If you really want to retain your __device__
pointer variable, and use that to point to the device data (array of structs) then you will still need to use cudaMalloc
, and the overall process takes additional steps. You can follow the example worked out in the answer here.

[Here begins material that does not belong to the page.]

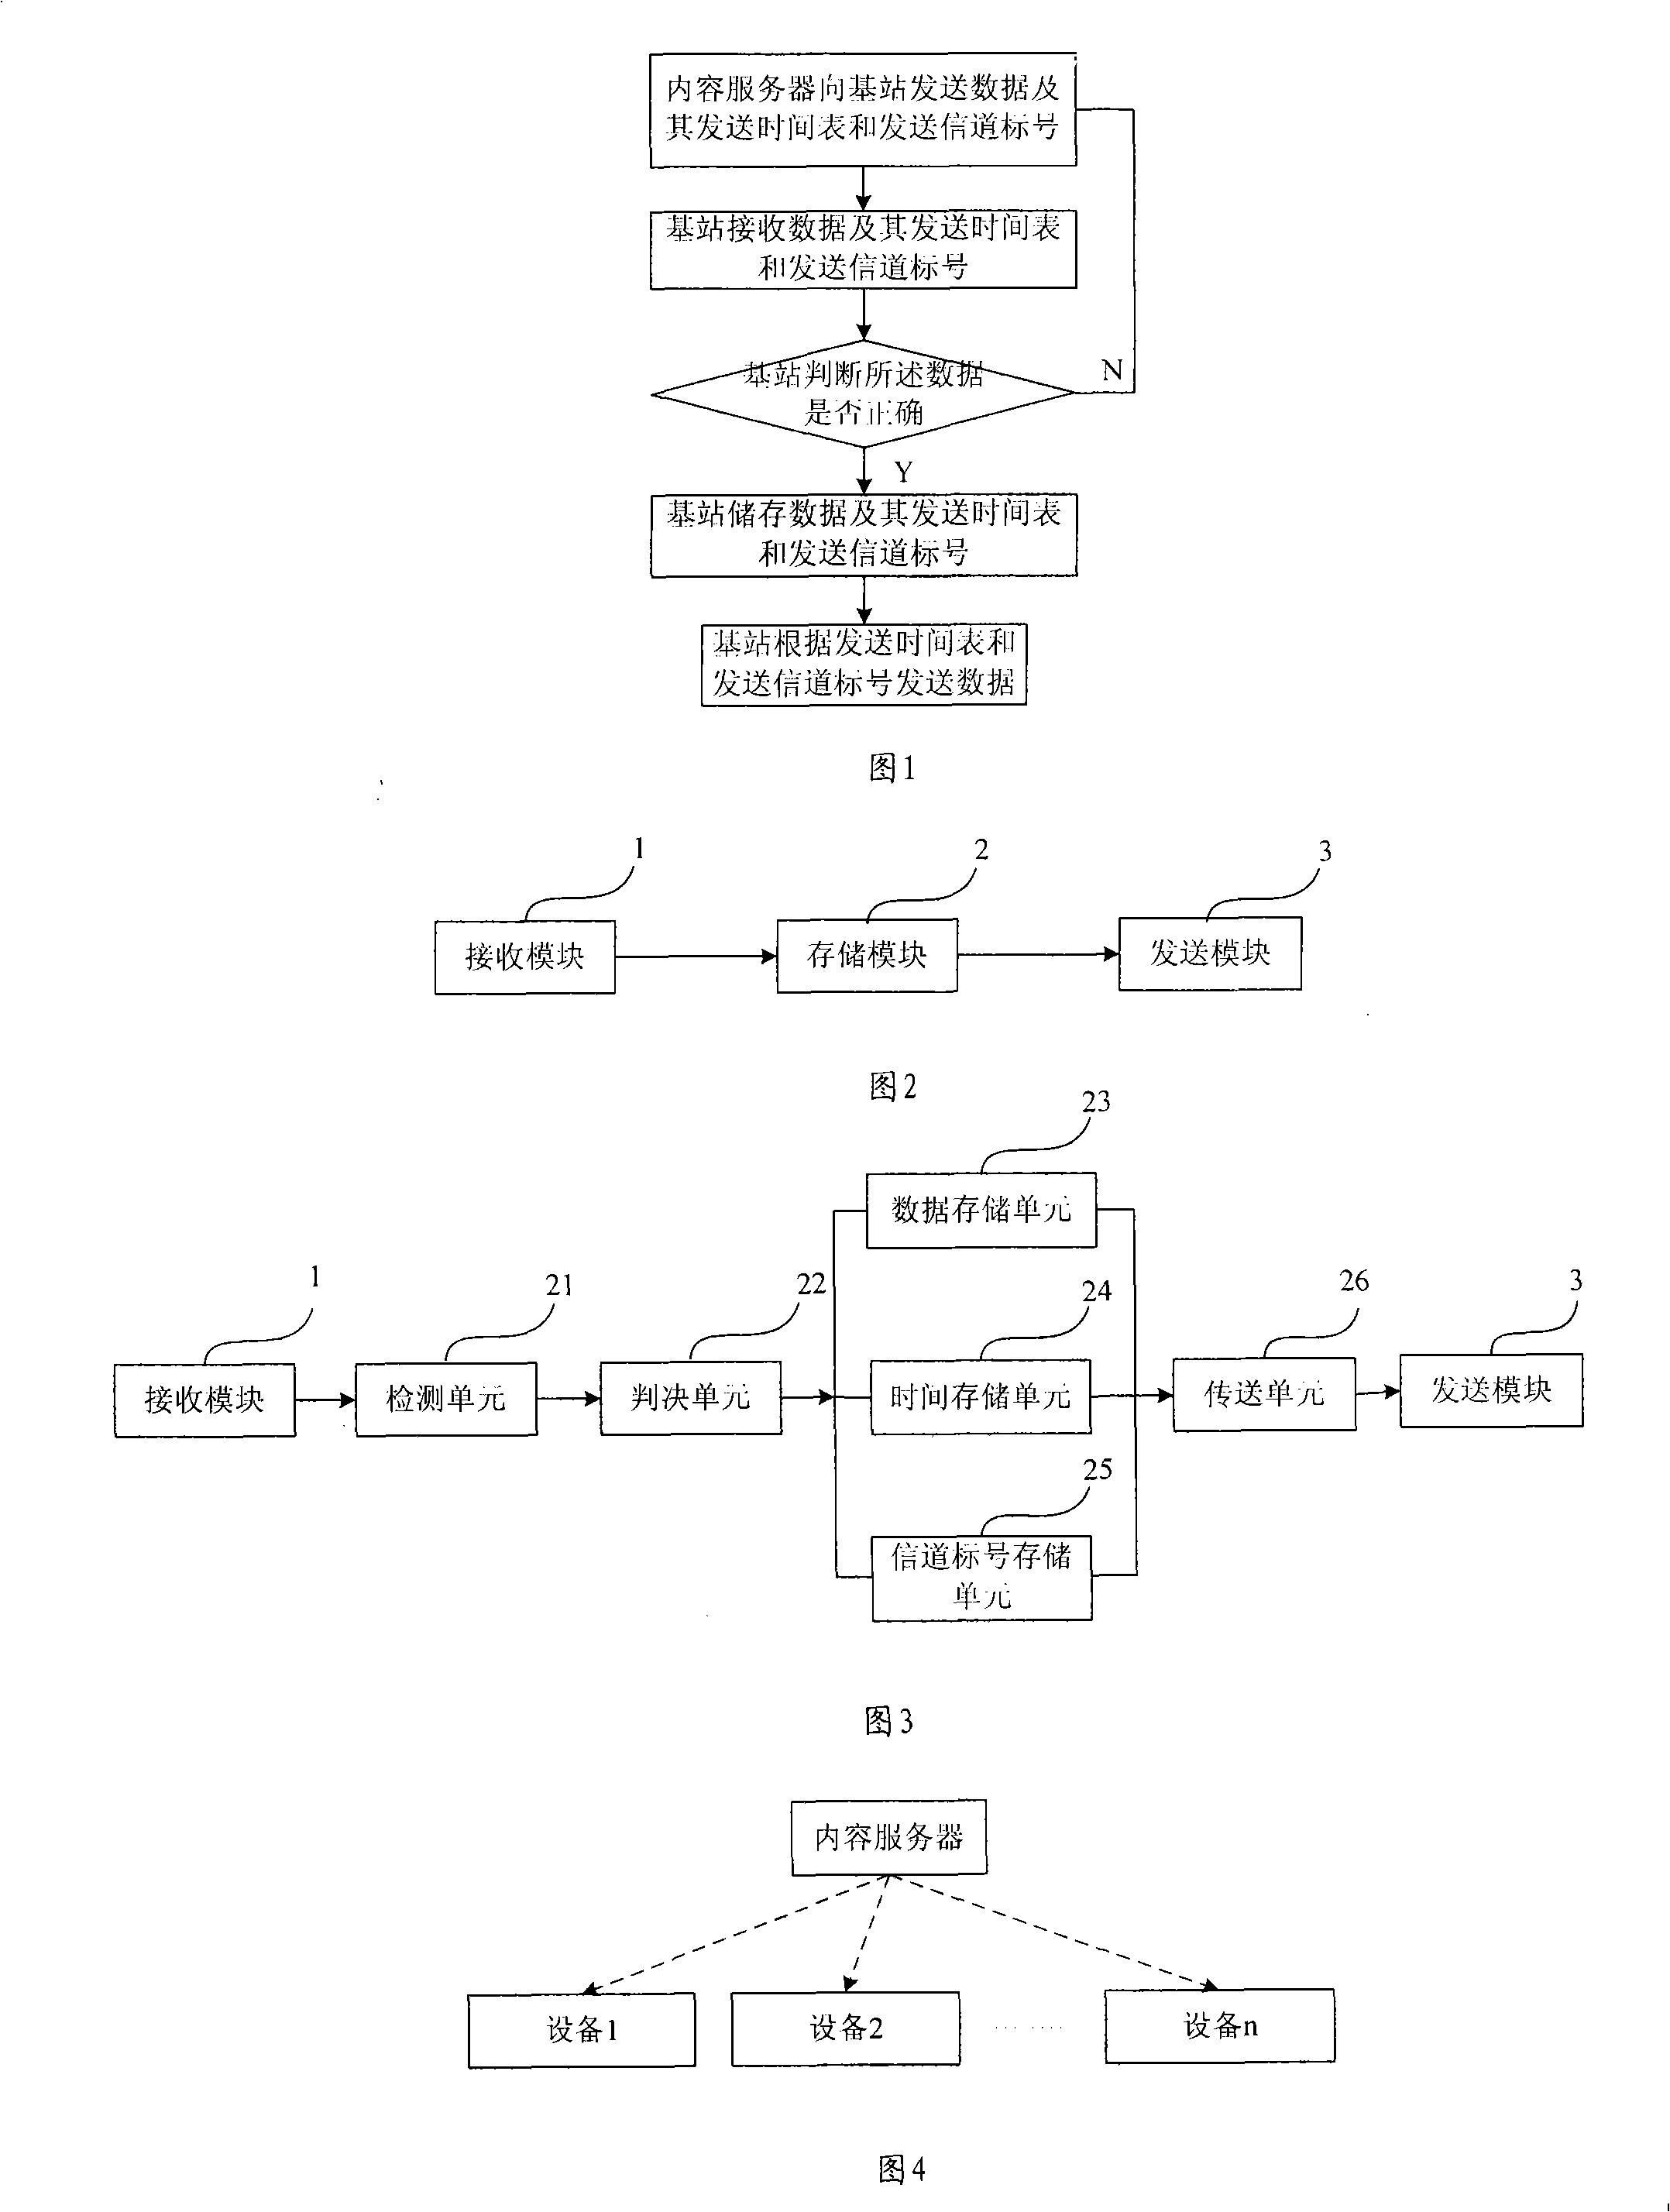 Method, apparatus and system for data synchronization between base stations

Following that example, here's a set of changes to the above code to make it work with a __device__
pointer variable instead of a pointer passed as a kernel parameter:
$ cat t1315.cu
#include <stdio.h>
#define A_LARGE_NUMBER 10
struct values{
int one, two, three;
};
values *vals;
__device__ values *d_vals;
__global__ void myKernel(){
printf("%d\n", d_vals[0].one);
}
void PopulateWithData(){
for (int i = 0; i < A_LARGE_NUMBER; i++){
vals[i].one = 1;
vals[i].two = 2;
vals[i].three = 3;
}
}
int main(){
vals = (values*)malloc(sizeof(values) * A_LARGE_NUMBER);
PopulateWithData(); //populates vals with random data
values* d_ptr;
cudaMalloc((void**)&d_ptr, A_LARGE_NUMBER * sizeof(values));
cudaMemcpy(d_ptr, vals, A_LARGE_NUMBER *sizeof(values),cudaMemcpyHostToDevice);
cudaMemcpyToSymbol(d_vals, &d_ptr, sizeof(values*));
dim3 blocksPerGrid(1,1);
dim3 threadsPerBlock(1, 1);
myKernel<< <blocksPerGrid, threadsPerBlock >> >();
cudaDeviceSynchronize();
}
$ nvcc -arch=sm_35 -o t1315 t1315.cu
$ cuda-memcheck ./t1315
========= CUDA-MEMCHECK
1
========= ERROR SUMMARY: 0 errors
$